Au théâtre, on appelle cela un rappel. Le public applaudit après la sortie de l’artiste. Puis celui-ci revient. Salue à nouveau et s’en va. Hier, Philippe Richert n’est pas réapparu après avoir annoncé, sans l’expliquer vraiment, qu’il démissionnait de la présidence de la région Grand Est.
« Mes amis, ce soir je vous quitte », a-t-il murmuré après une déclaration d’une demi-heure prononcée dans le hall principal du conseil régional à Strasbourg devant une petite centaine d’élus de la majorité, venus lui manifester leur attachement.
Philippe Richert a mis fin hier à une carrière politique longue de 35 ans. « Jeune, je n’étais pas fait pour la politique… », assure-t-il, sans que l’on puisse le croire tout à fait. Il ne s’agit pas pour lui de prendre du recul, « je me retire complètement du conseil régional et de toutes les fonctions électives », a-t-il insisté.
« Je n’aime pas les affrontements stériles »
Le passage de témoin pour préparer l’avenir est, selon lui, la motivation principale de sa décision qui intervient moins de deux ans après sa prise de fonction. « Des élections auront lieu en 2021, c’est à ceux qui seront dans la bataille de se faire connaître », a poursuivi l’ancien professeur de sciences naturelles.

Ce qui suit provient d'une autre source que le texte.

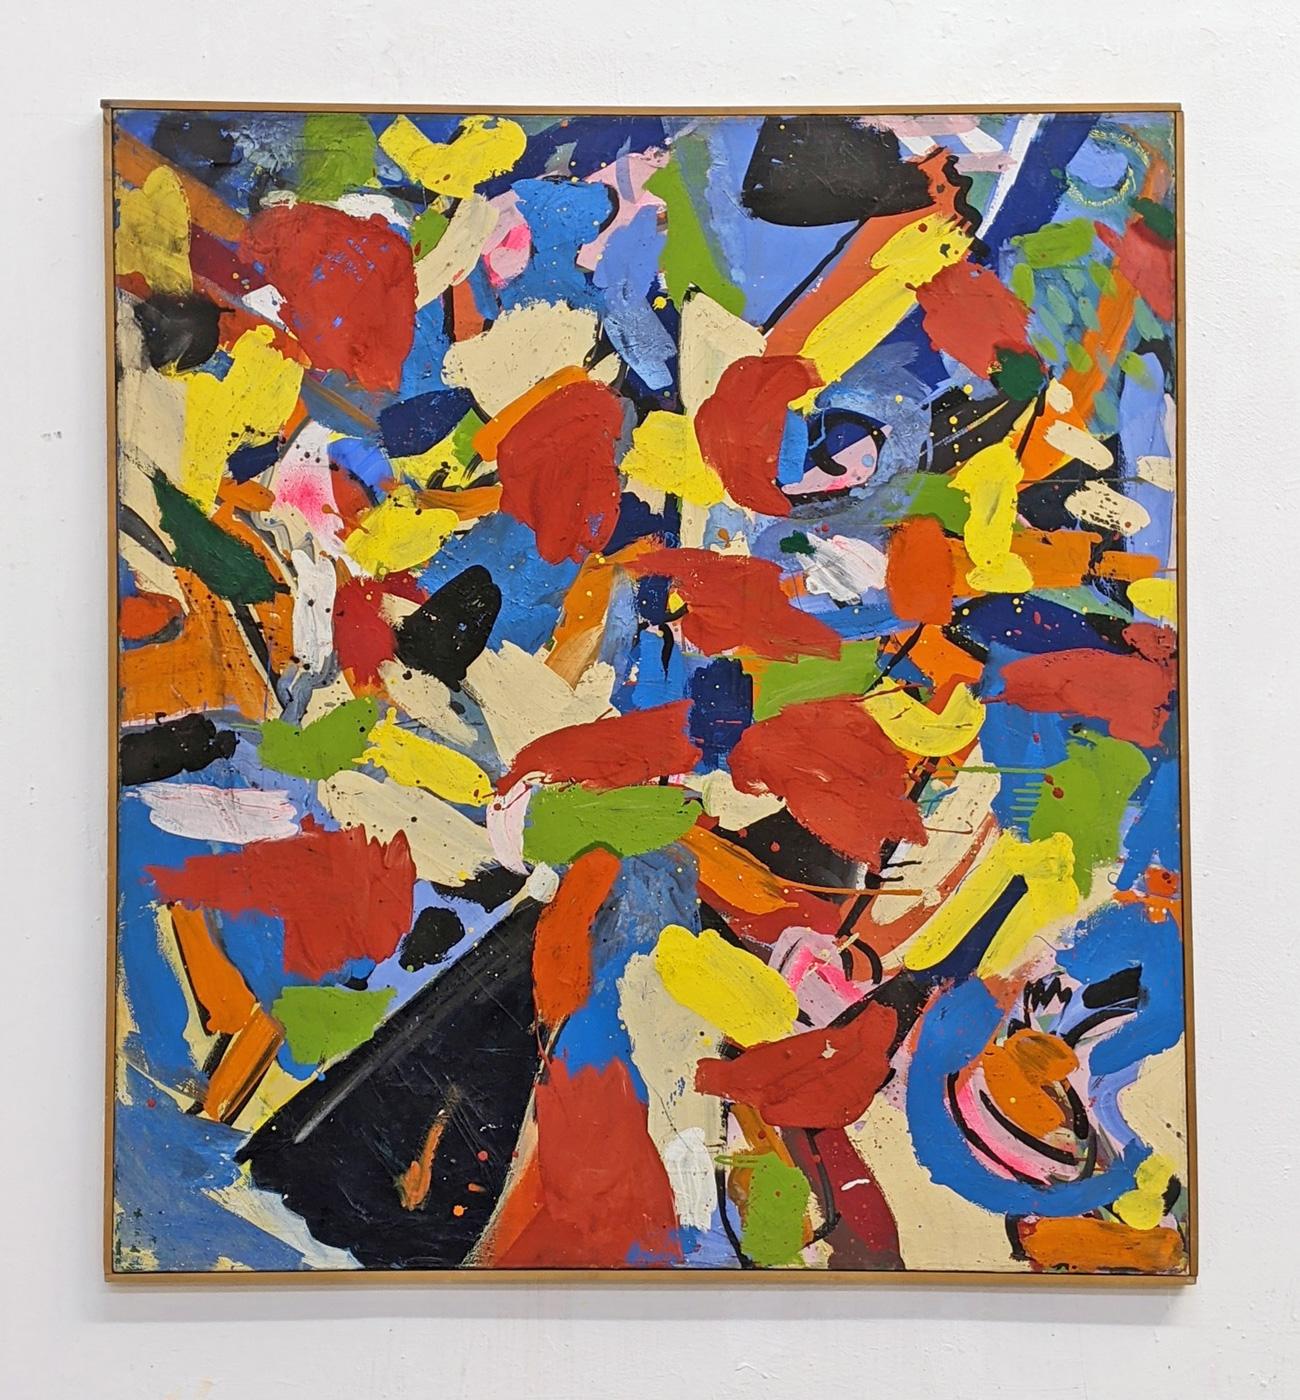 """Schweben"", 120 x 110 cm, Acrylfarbe, Nessel, 1985"
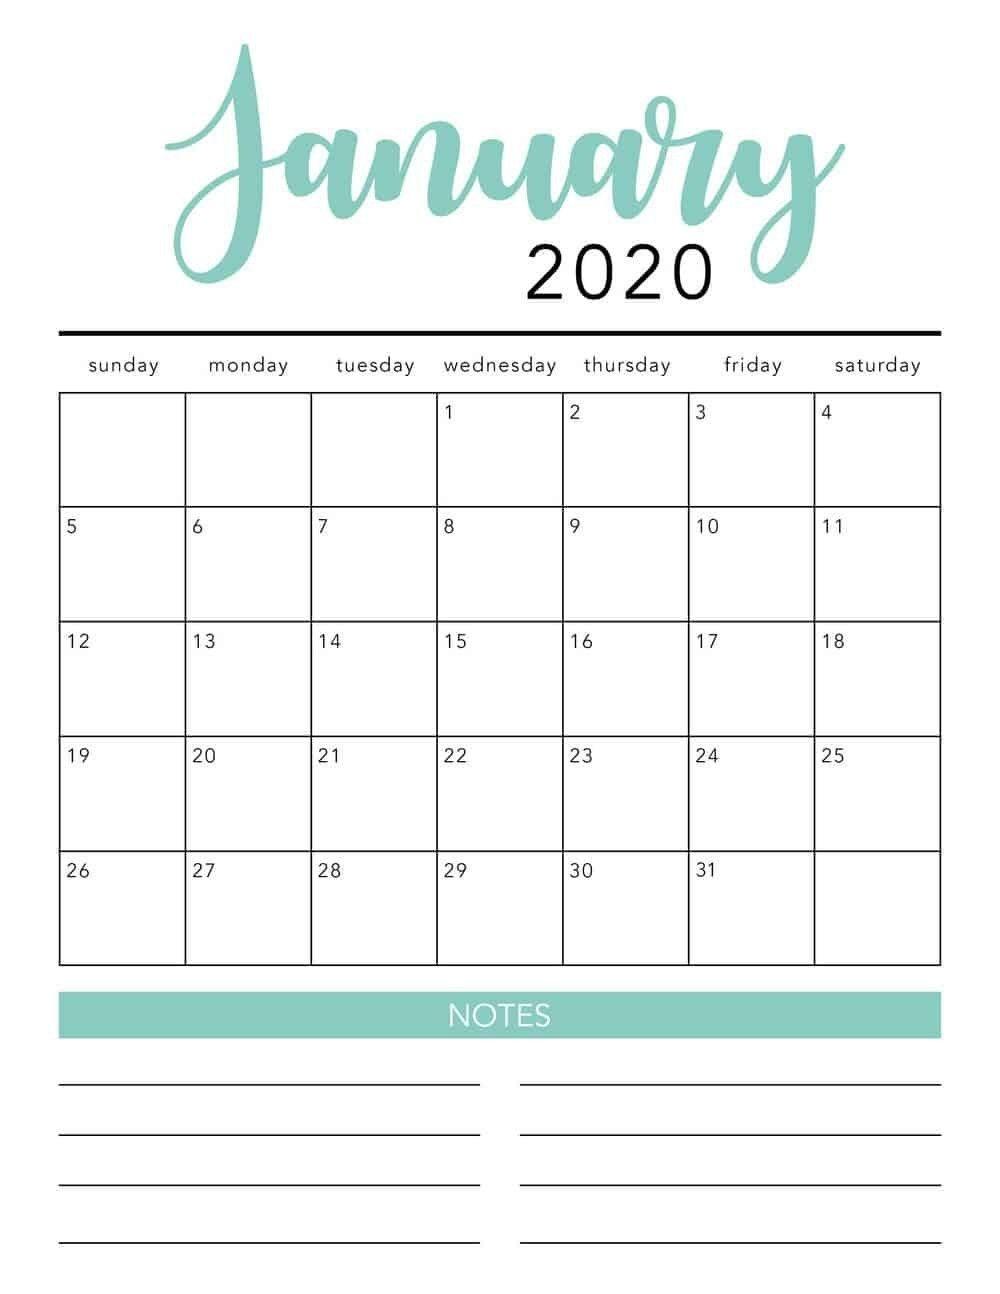 Free 2020 Monthly Calendar Printable   Free Printable  Free Printable 2020 Monthly Calendar

Derrière cet argument se profilent d’autres raisons qu’il s’est contenté d’esquisser hier. La guerre que des élus alsaciens lui mène sans concession en fait assurément partie. Il s’est posé en défenseur de l’identité alsacienne que certains l’accusent de bafouer.
Comment peut-on lui faire ce procès, à lui qui « s’est battu pour la fusion des deux départements alsaciens » avant d’être désavoué par référendum ? Philippe Richert a laissé percer les blessures de ce combat. « J’ai été la cible d’attaques d’une rare vulgarité auxquelles je n’ai pas répondu », confie-t-il.
Il digresse et revient rapidement sur la violence potentielle du débat public : « Je n’aime pas les affrontements stériles, j’ai besoin d’être bienveillant. L’homme est blessé.
Dans l’assistance, l’émotion est palpable. Le premier président de la région Grand Est date son envie de raccrocher les gants au lancement de la réforme territoriale, acte de naissance de cette région dont il ne voulait pas. « J’en étais arrivé à cette étape où je m’interrogeais sur mon engagement dans la vie publique, j’en étais là ».
Mais son positionnement central, l’insistance de ses amis et la conviction que l’Etat ne ferait pas machine arrière l’ont poussé à repartir en campagne. « Je ne le regrette pas, car nous avons évité que la région ne tombe entre les mains du Front national » martèle-t-il sous les applaudissements.
Philippe Richert a dressé la liste de ses acquis au cours de ces deux années de mandat. Il évoque les chantiers en cours qui se feront sans lui. L’Etat aurait une part de responsabilité dans sa décision, pas seulement pour avoir privé les régions de 450 millions d’euros.
« Le plus grave est que le Premier ministre n’honore pas la signature de son prédécesseur », lance-t-il devant un public acquis à cette cause.
Après le temps du discours, celui des adieux à ses proches collaborateurs. Sa voix se brise. Il baisse les yeux et prend appui sur le silence avant de refaire face à l’assistance et de lancer : « Maintenant c’est à vous de faire, mais sans moi. » En coulisse sa succession est ouverte.
Plusieurs noms circulent, dont celui de Jean Rottner, maire de Mulhouse. Mais la présidence de la région est-elle forcément dévolue à un élu alsacien surexposé à la résistance qui s’exprime ? L’hypothèse d’un président lorrain n’est pas à écarter.
Jean-Luc Bohl, et Valérie Debord sont sur les rangs. Des élections rapides vont se tenir afin de ne pas prolonger exagérément cette période d’incertitude donc de fragilité.